WHAT TO PRODUCE: Output the complete listing exactly, please, and keep the pictures out of it.
-- DATASET EXCERPT follows --
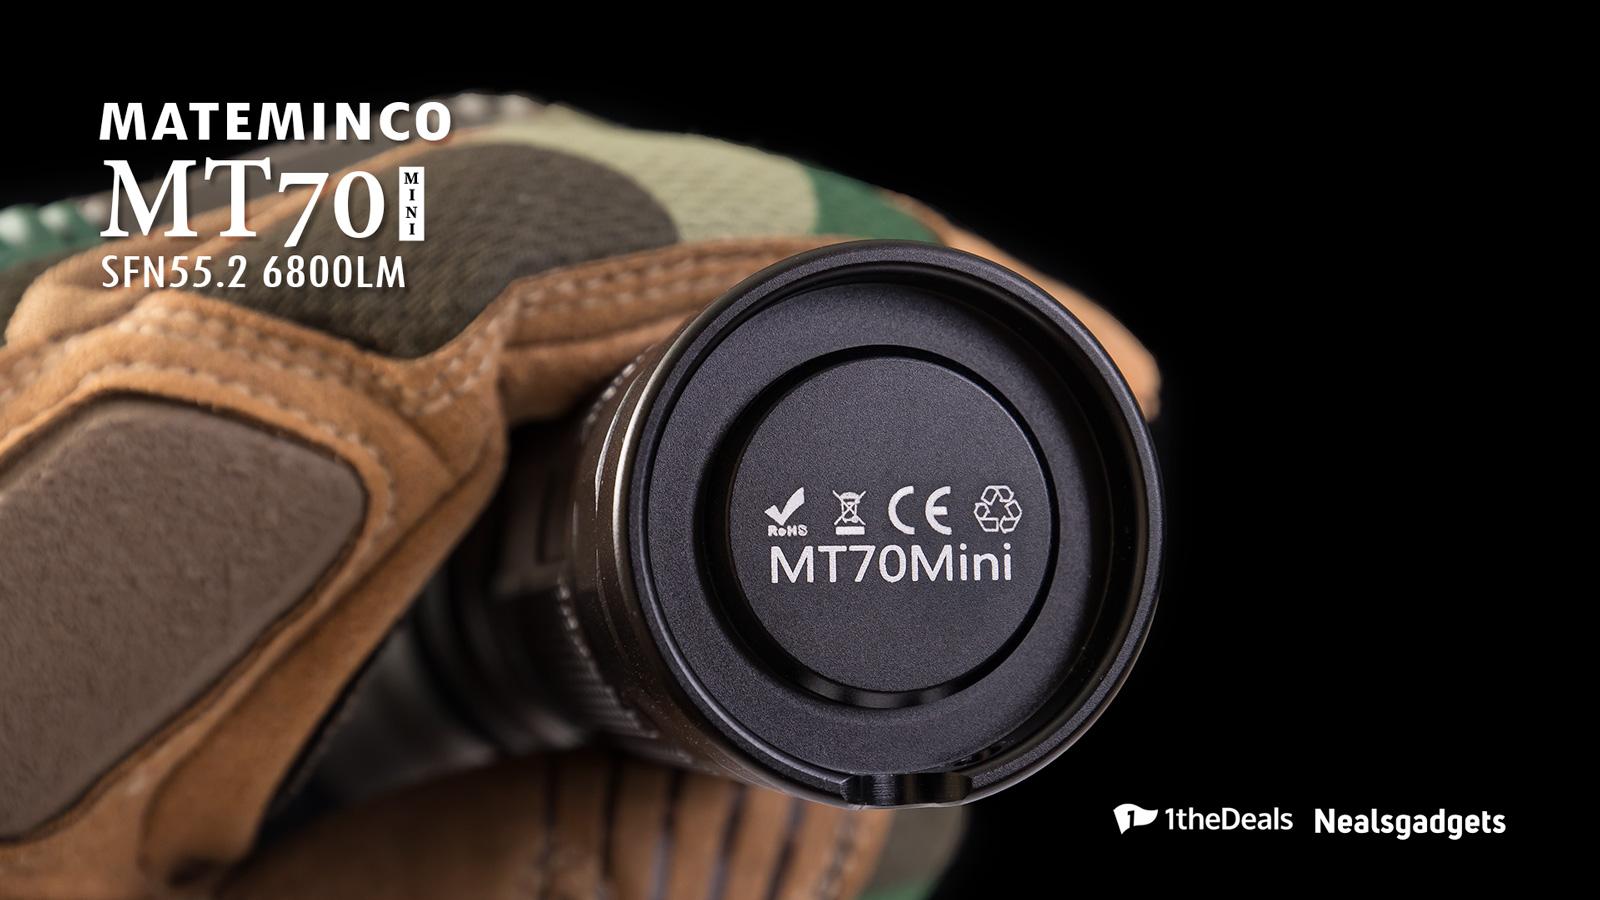 ©1theDeals Mateminco MT70 Mini SFN55.2
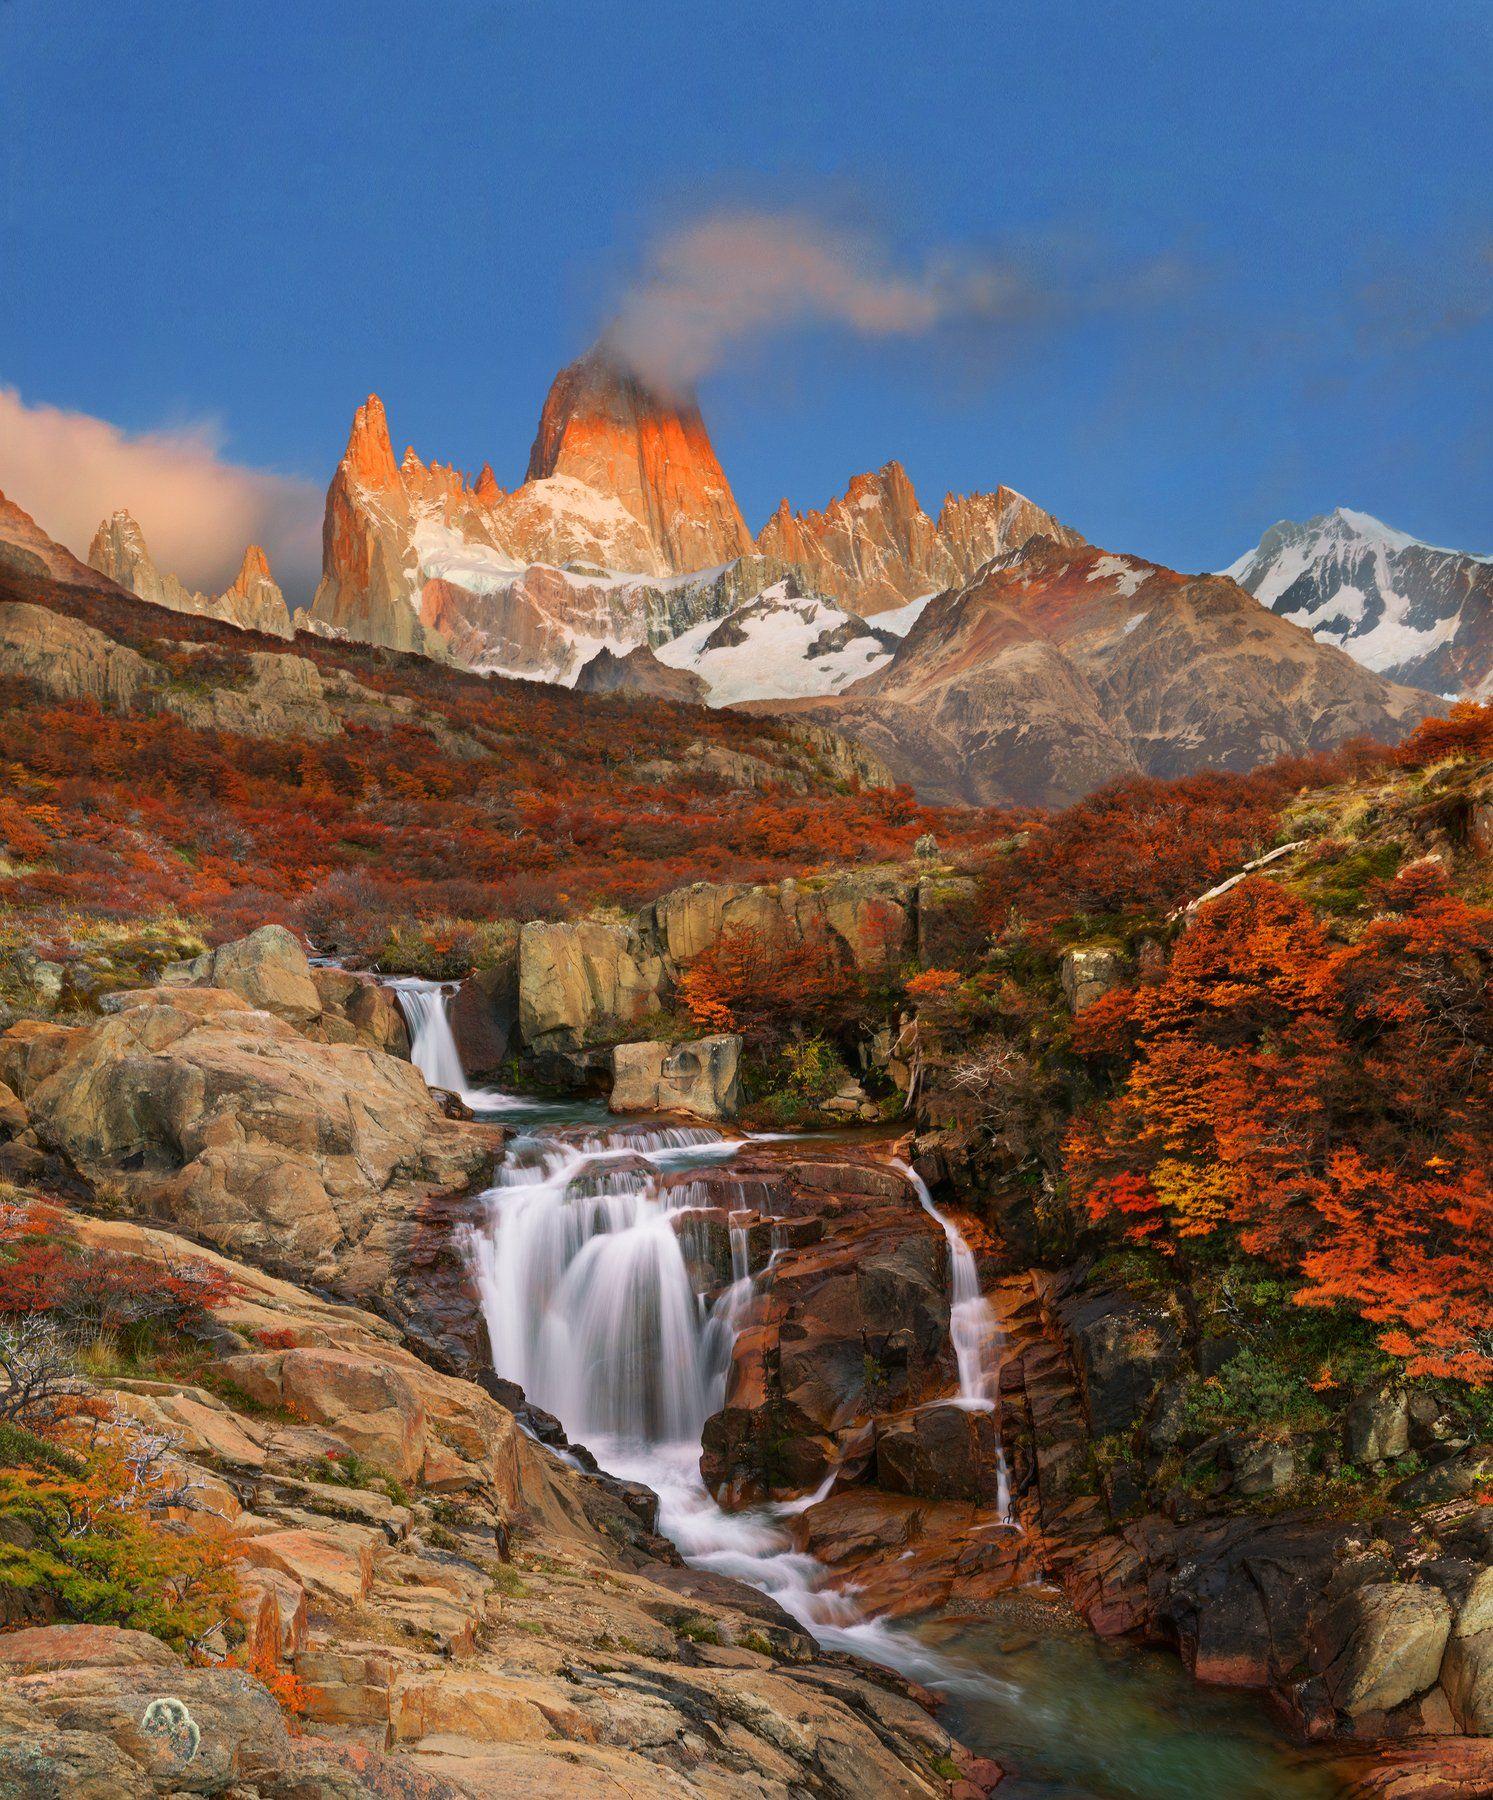 Фиц Рой, Cerro  Chalten, Патагония, водопад, Владимир Рябков
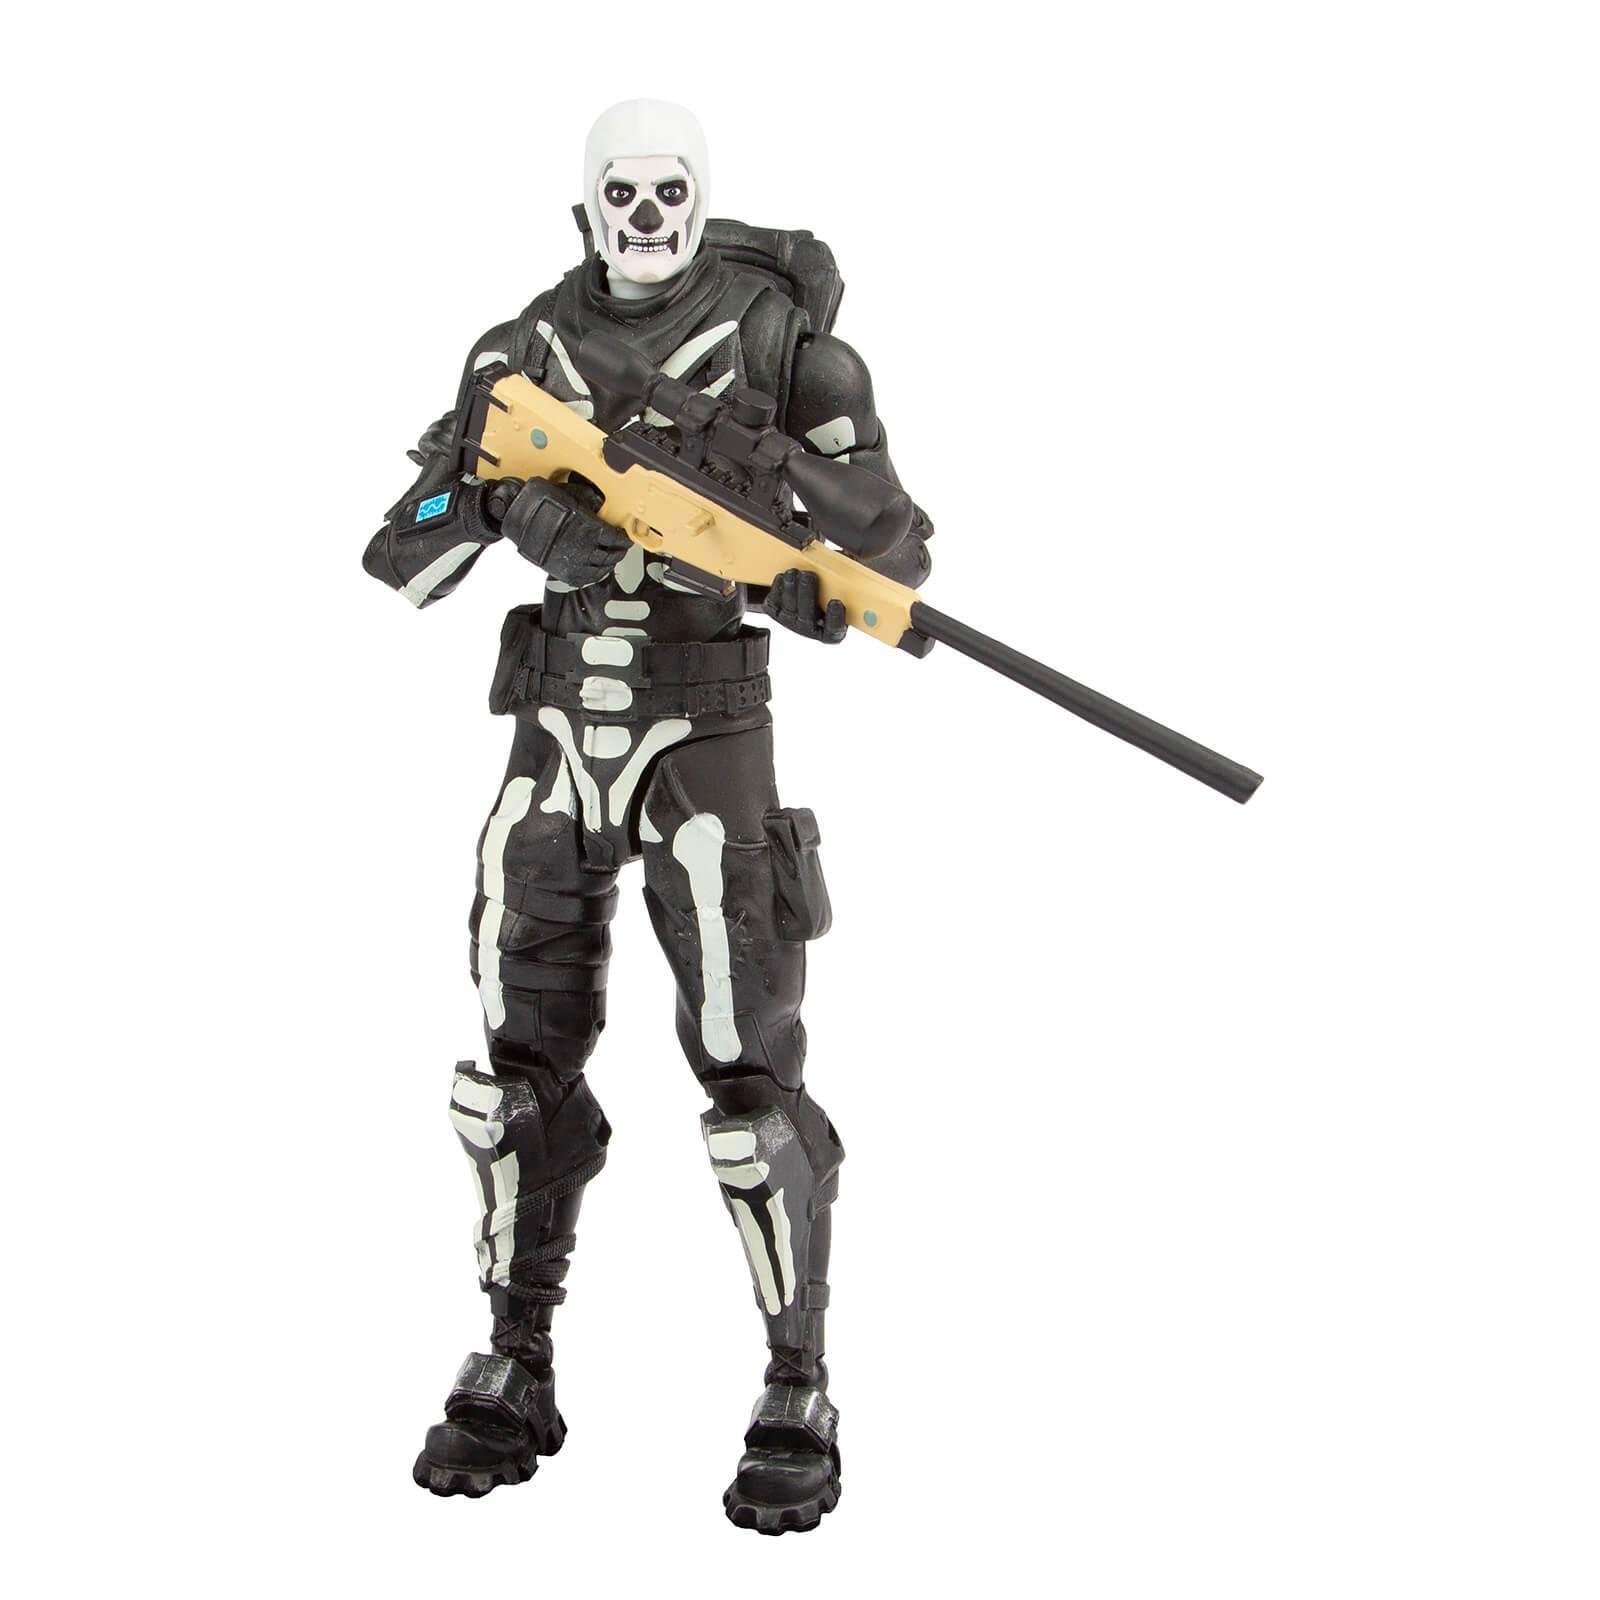 Fortnite Series 1 Skull Trooper Action Figure.
-- DATASET EXCERPT concluded --
EXERCISE ANSWER:
 ©1theDeals Mateminco MT70 Mini SFN55.2
 Фиц Рой, Cerro  Chalten, Патагония, водопад, Владимир Рябков
 Fortnite Series 1 Skull Trooper Action Figure.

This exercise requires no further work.